The intelligent search in digital newspaper archives
Modern magazine and publishing houses often have large databases of publications, which increasingly need to be digitized to be ready for comprehensive research. However, newspapers and magazines that date from before the computer age are often only available in paper format. Scanned and digitized in large-scale projects with a lot of effort this may turn out to be a time-consuming task. Most of the time these projects stop with the mere digitization, leaving the actual information conversion untouched.
Together with the Hessian PPS PREPRESS SYSTEME GmbH, intergator has been adapted to the requirements of a research in newspaper archives and magazines. With the experience from enterprise search projects on the one hand and the know-how from digitization processes on the other, the PPS_Finder was turned into a comprehensive research tool.
The research in detail
As with every research, the central point of access is a plain search form holding the term to be searched for. The results will then be listed neatly, whereas every hit features some META data and a preview image. Since all documents are automatically digitized using OCR technology and transformed into a PDF afterward, the paper is instantly accessible in the built-in reader. The search term will be color-highlighted, easing the location of the finding within he document for the user. The search and its results remain untouched (a new search is not necessary) and can be continued straight away.
With the help of freely configurable built-in facets, results can be narrowed down to meaningful findings. Aside from volumes, sources (e.g. if a newspaper is issued in various local versions), authors etc. even several desks can be filtered for a detailed research. The selected facets can be deactivated with a simple click leaving the search untouched. In addition, the facets can also be used for exclusions – if, for example, you are looking for a term and want to explicitly avoid a year, this can be excluded as an excluding facet. Additional facets, such as filtering according to agency reports or regional editions, are possible in principle.

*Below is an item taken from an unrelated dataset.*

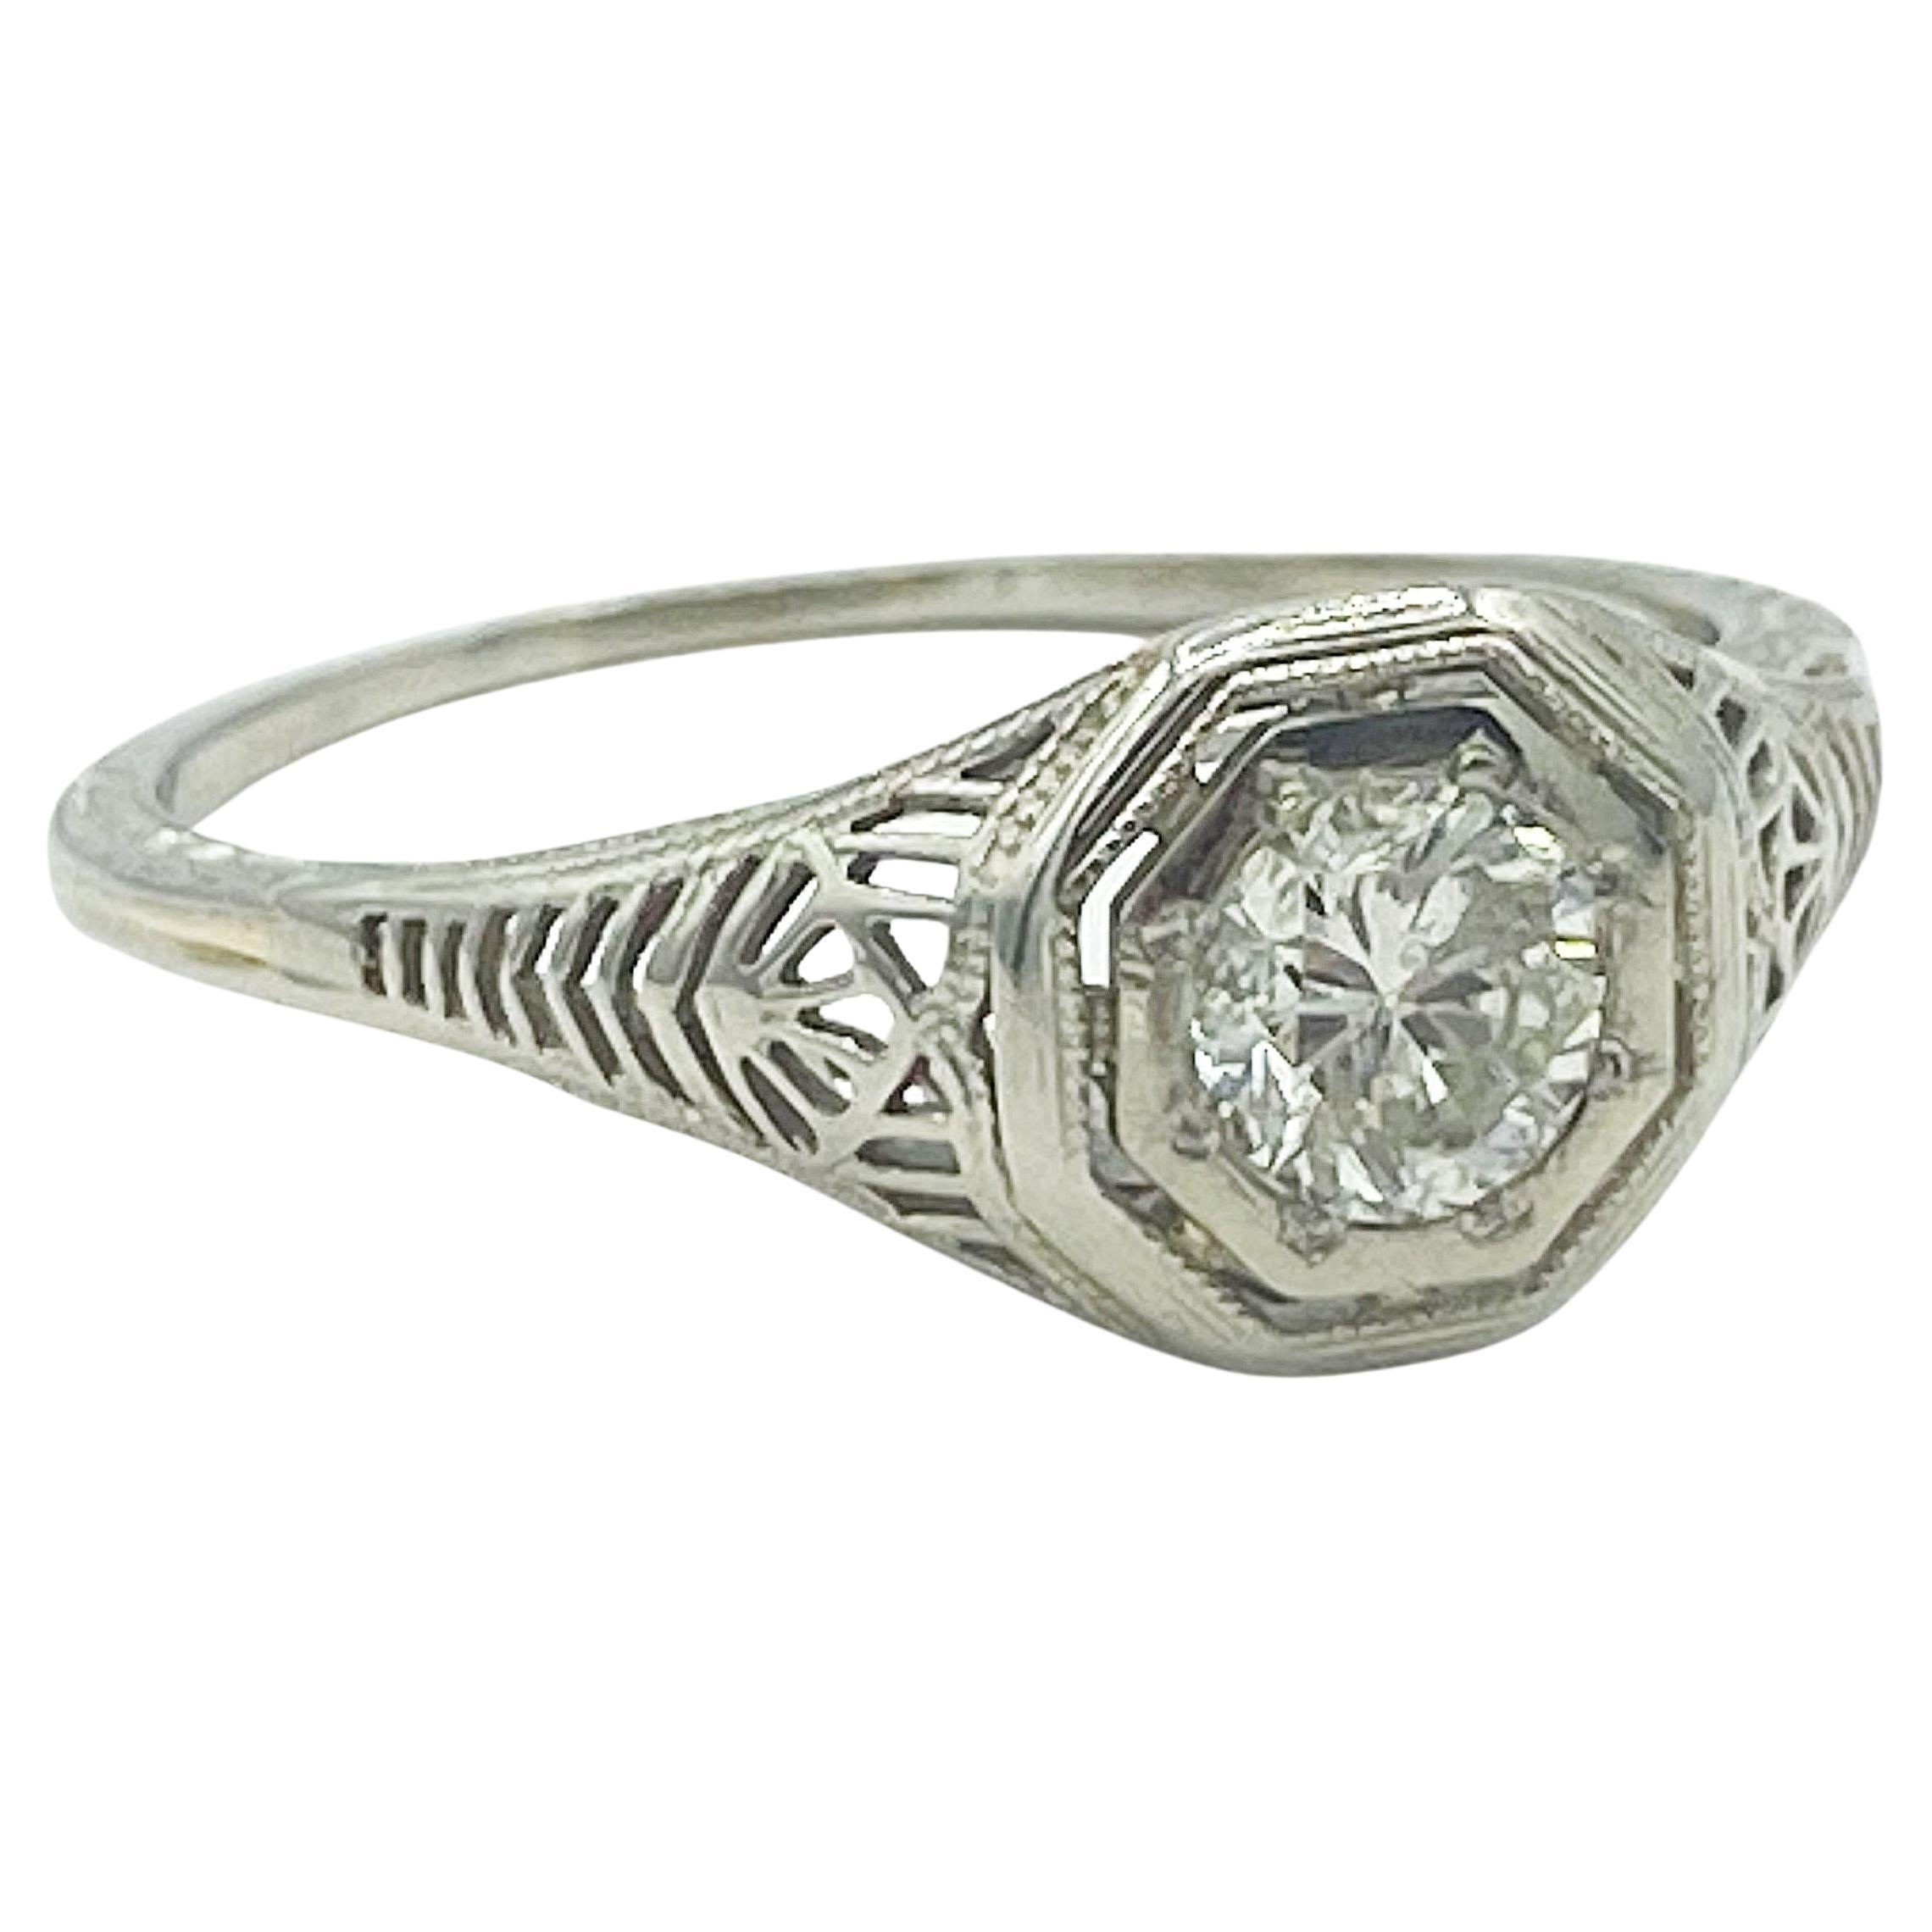 18k White Gold Vintage Engagement Ring 1.48 carat total E-VS1 Princess Cut  from Tiffany Jones Designs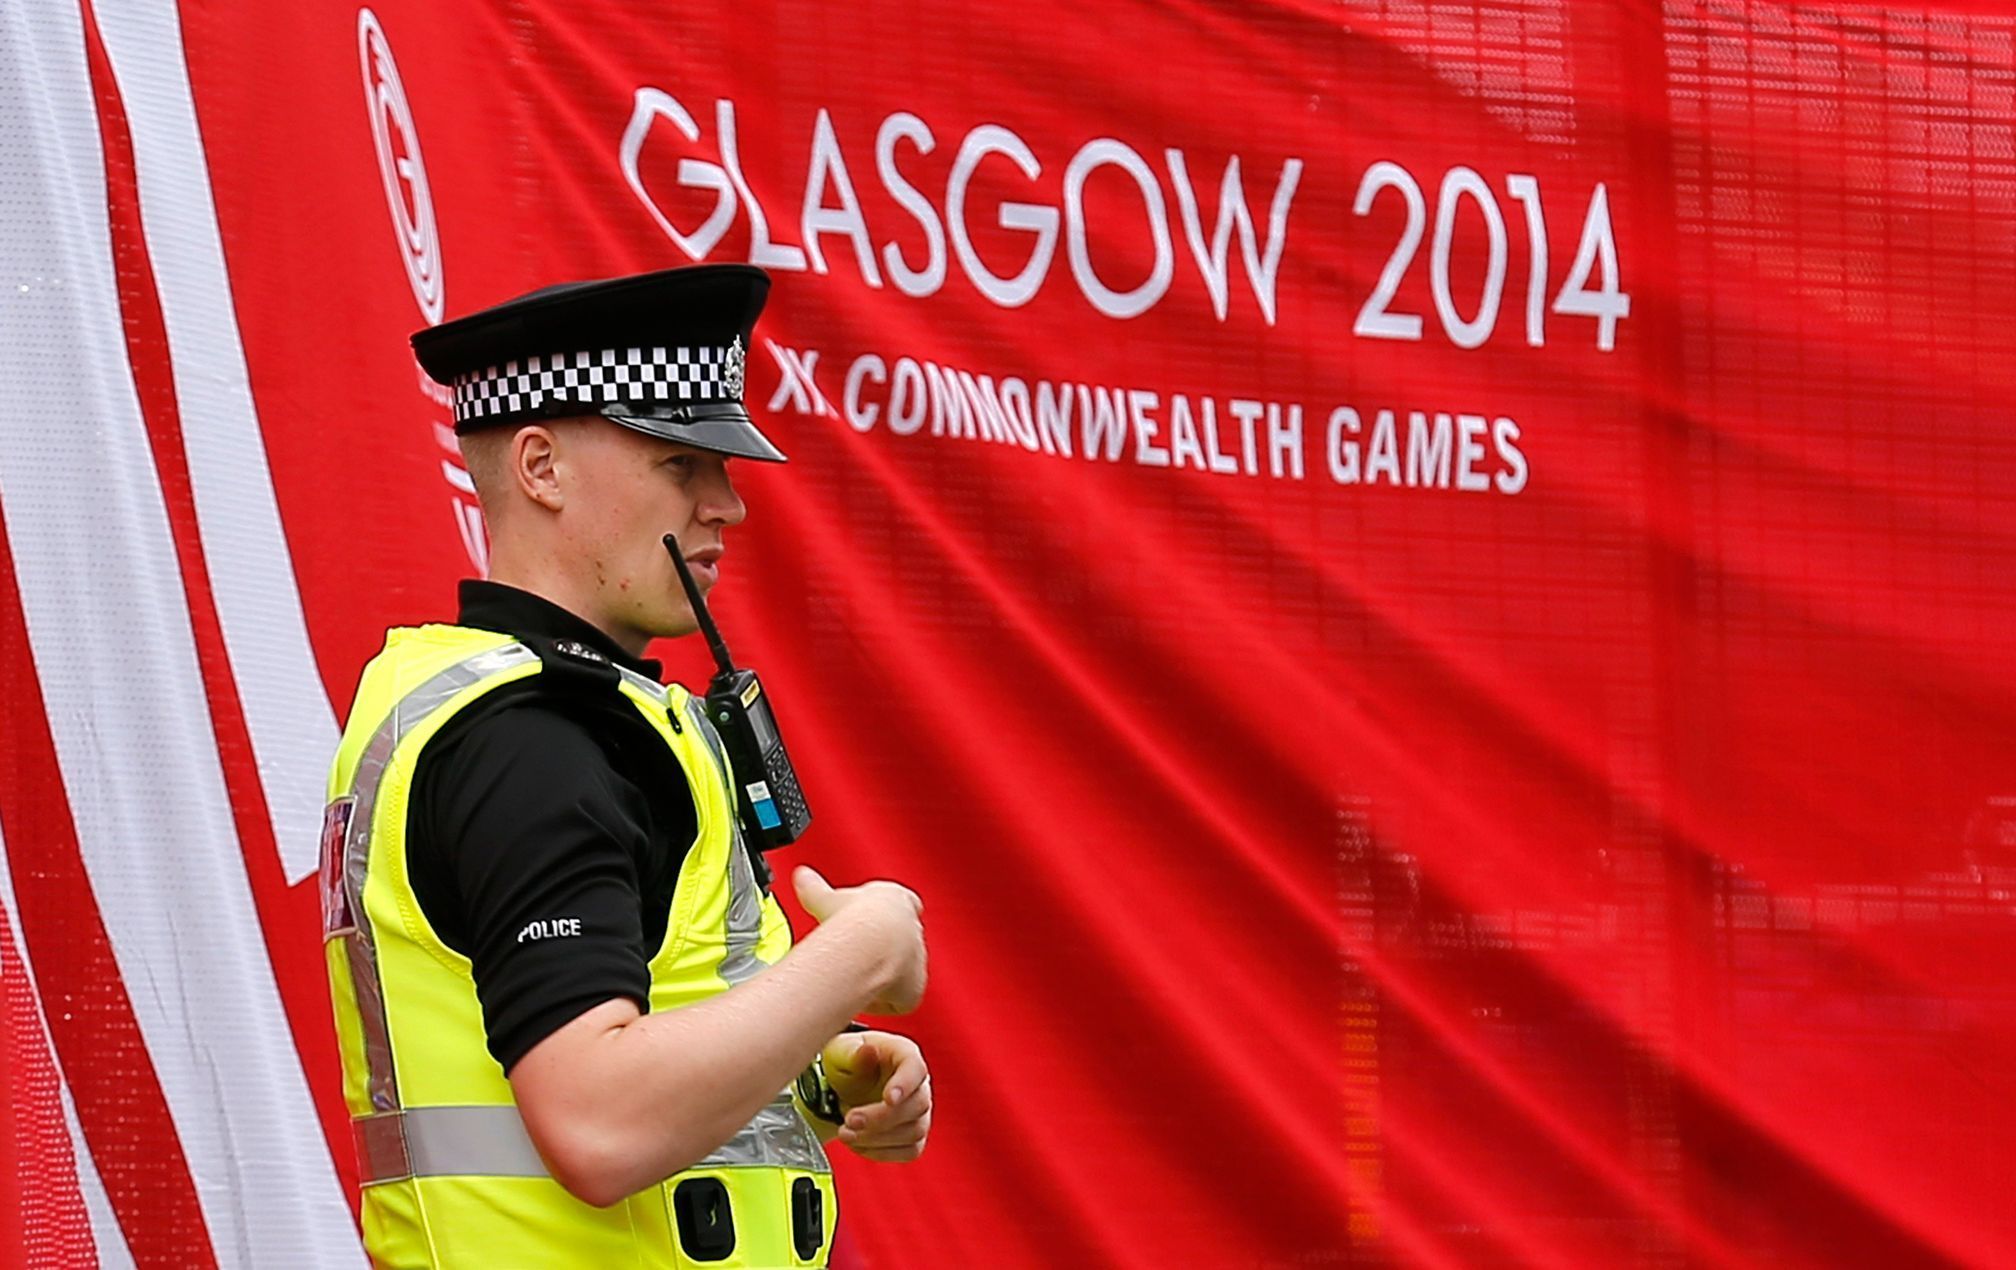 20. Hry Commonwealth v Glasgowě 2014

During indexing each element is added with a annotation. At a later stage – while researching – results can be manually enriched with individual tags. This way, related results can be added to future searches. The tags remain with the search result but also can be removed at any time. This way, more complex topics that require a certain context become easier to research.
Aside from searching through a basic input field, there is also an extended search featuring additional fields to narrow down the results right at the start. These parameters – just like at Google – can also be added to the basic search as special shortcuts. Searching for a certain file type. a date, an author, etc. help to speed up the process for a trained user. So called Boolean operators (AND, OR, NOT, etc.) can be used as well.
Machine learning as a new approach
Using machine learning methods, documents can be enriched for a more efficient search. Instead of simply searching for the appearance of a search term within a document, the data will be “understood” in its context using advanced cognitive search technologies. This is a radical game changer and a new approach. Conventional search heavily relied on densities and appearances of terms. Now, the trained machine autonomously scans the data, recognizes the relevant words and sets them into relation to each other. After a short training, the machine develops a model to decide on its own what the document is about and how to categorize it. The results of it will automatically added to the data, enriching the document with additional content like META data.
Even pictures can be meaningful added to the search with the help of machine learning methods. Until today, images had to tagged manually stating what the picture shows. A trained machine now scans the content without human interference although an initial training is required.
Especially large amounts of data can be categorized, researched and related to each other. Publishing houses with extensive archives and image stocks that in the past only concentrated on digitization but not on the utilization will find a useful researching tool in the PPS_Finder. The development of machine learning methods has gained a lot of traction in the last couple of years and some elements are already built-in into intergator and the PPS_Finder.